PiecrustPast · 25/11/2022 03:24

@Ladyof2022
God that sounds familiar.

Do we know the same man ?

NoRedFlagsAtAll · 25/11/2022 03:28

PiecrustPast · 25/11/2022 02:42

I don't think people on here are puposefully victim blaming, they just don't understand, they may have had horific experiences with very bad men, but I really do think evil exists and many will never experience that, thank God.

I'm not minimising anyones abuse at all, but with some people there really will be no signs and then the atrocities come.

I think of someone like Jimmy Saville, who although he appeared odd, he did for many years fool a great deal of people, people in power and that's usually where it counts, that he was a man doing good.

The way pychopaths present is usually intellegently kind with upstanding reputations, their bad behaviour can fly under the radar for a long time if not forever.

I agree. With many awful, abusive or useless men of course it is red flag city and absolutely we should be helping other women with how to spot that.

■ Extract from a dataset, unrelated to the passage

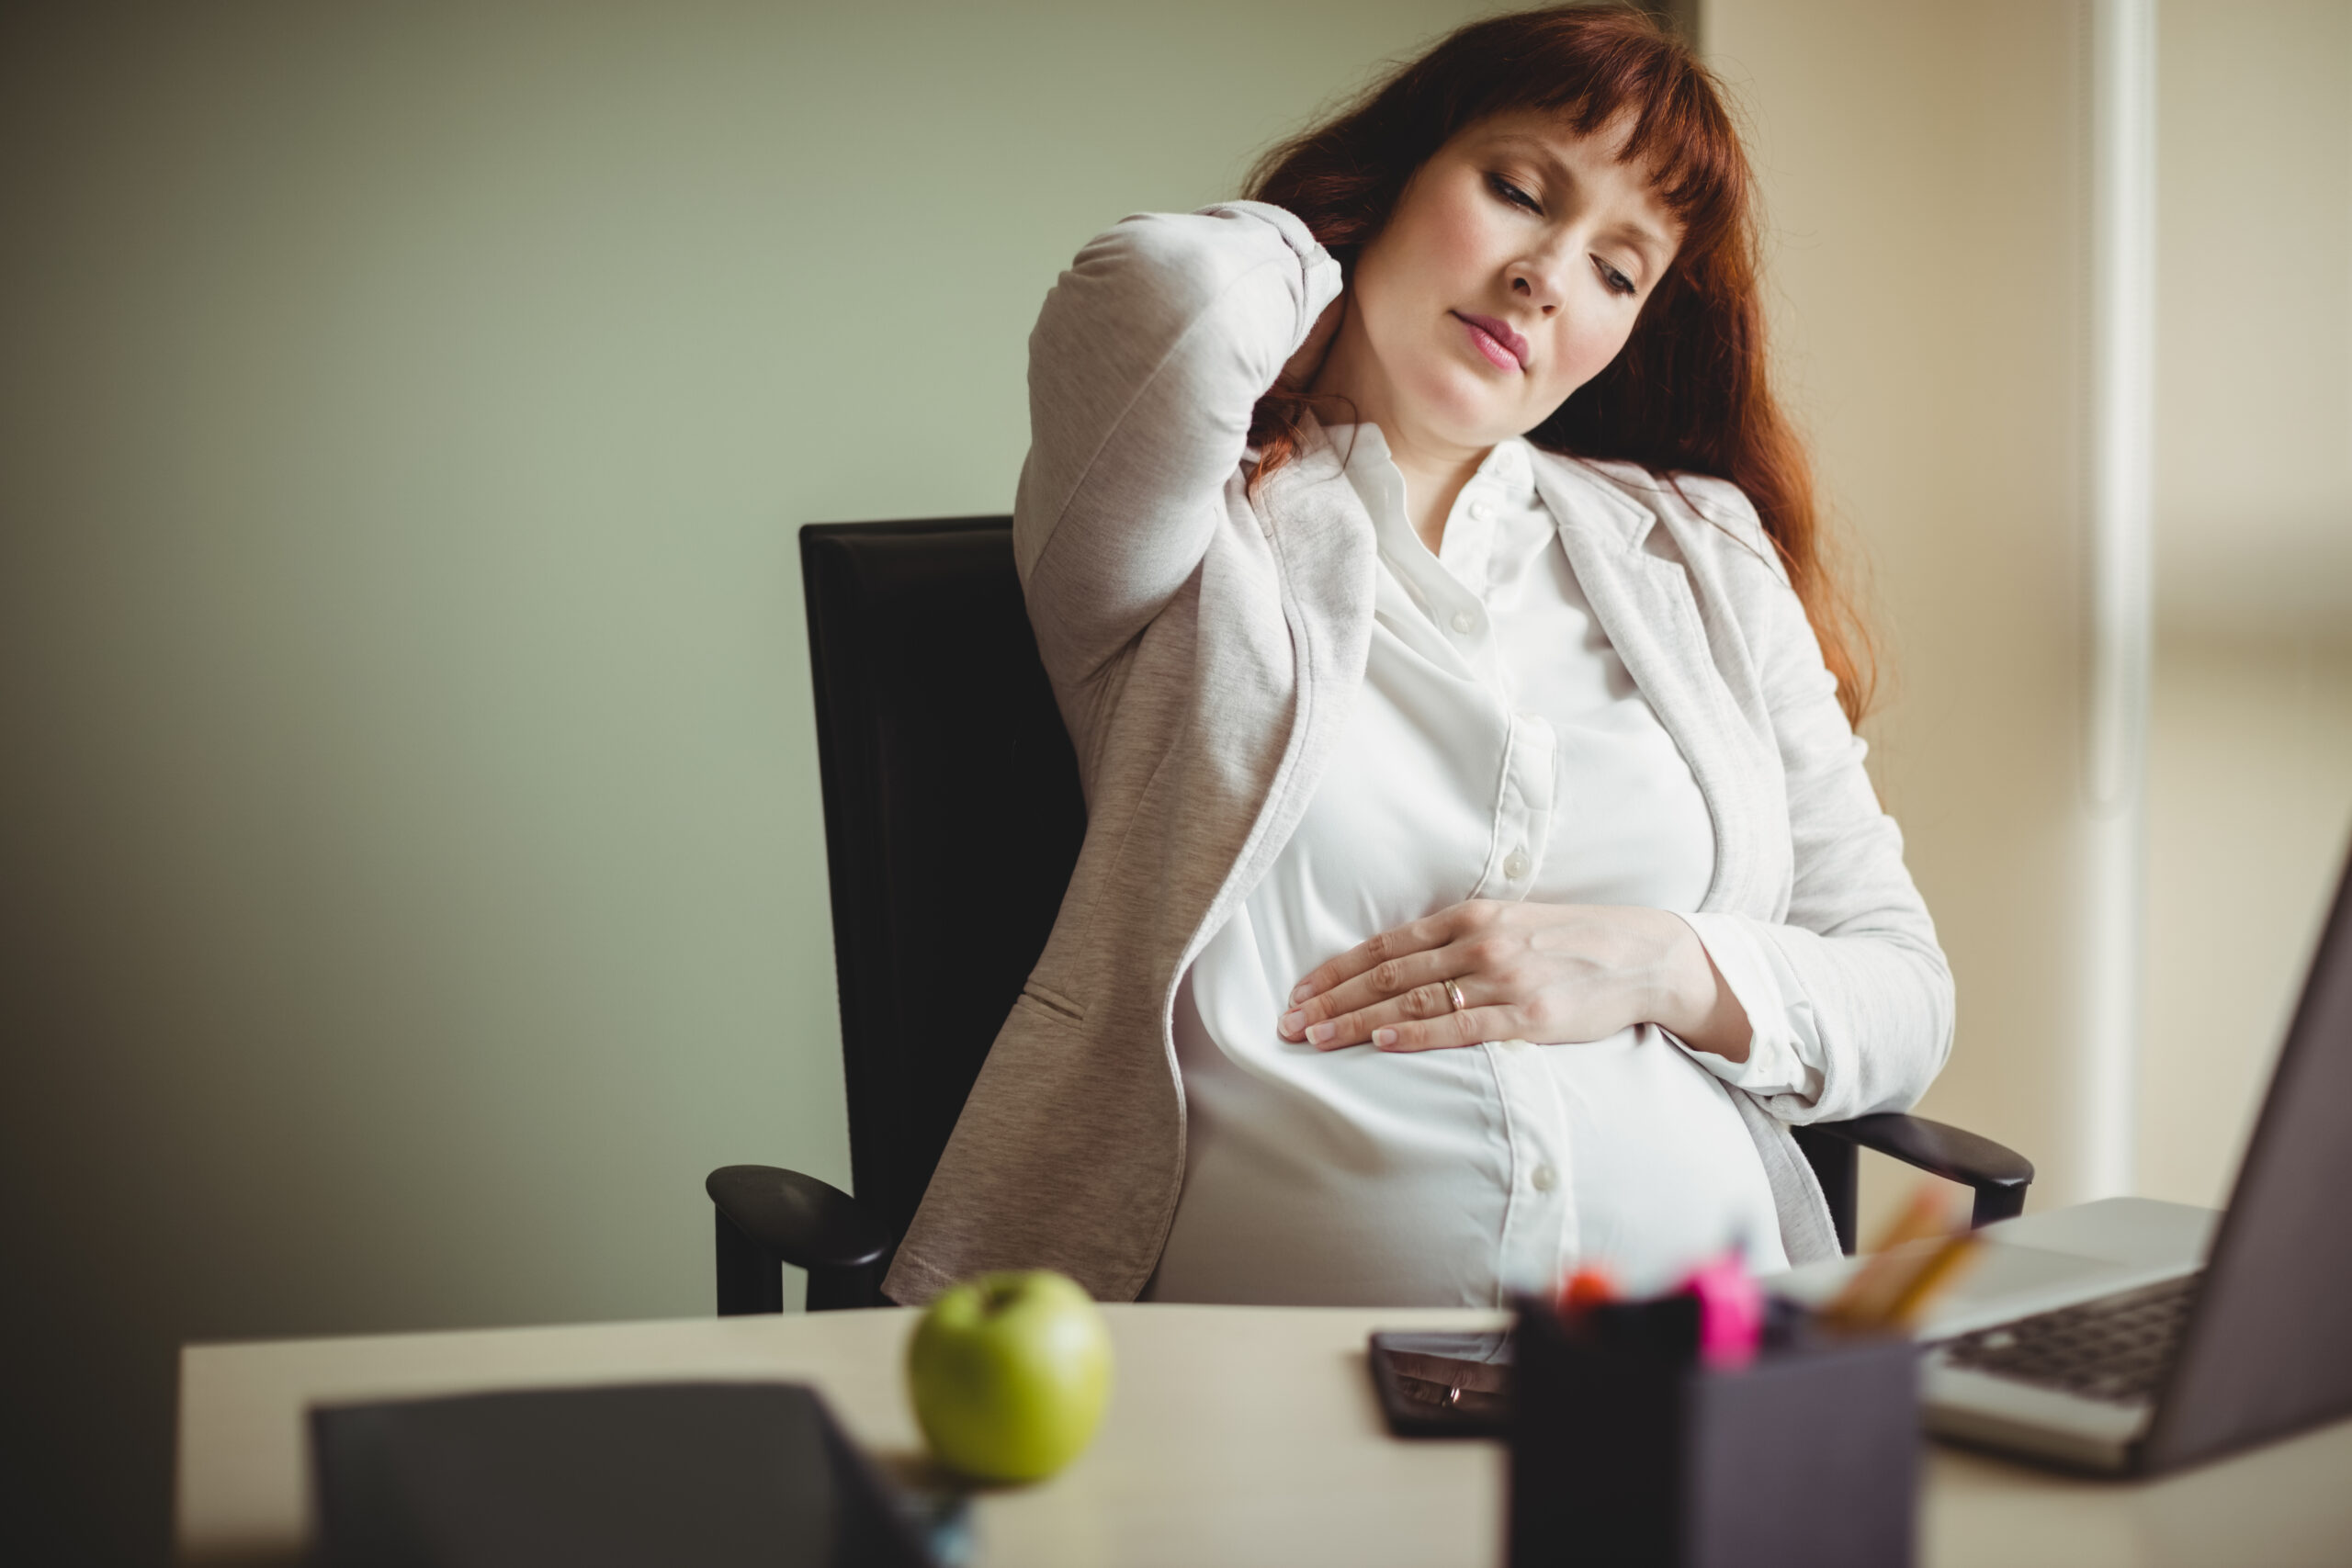 Pregnancy back pain presents a range of symptoms that can vary from woman to woman

My point was rather that if you do have good boundaries and an awareness of how to spot that, it doesn't make you immune or protect you entirely. There are people who can fool you, anyway. And that we should never make the generalisation that if women were better at spotting red flags then this won't happen to them because that is simply not the case unfortunately. It's still worth doing, of course! It would mean it happens to fewer women. But it won't eliminate it, because there are psychopaths who are very convincing and nobody spots it, even people who know them well who work in the police, social services, etc.

And spreading the idea that you should always be able to see it - when sometimes it's impossible even for professionals to do so - is dangerous because it makes the victims in those situations think it is their fault that it happened. It isn't. It's taken me a long time to understand that, but it really isn't and we all need to be mindful of that when posting anything about "didn't you spot the red flags?" or even worse, the smug posts about "oh this didn't happen to me because I chose a kind, intelligent, family orientated man". Guess how the psychopaths present themselves? Sometimes for decades before it's possible to see it.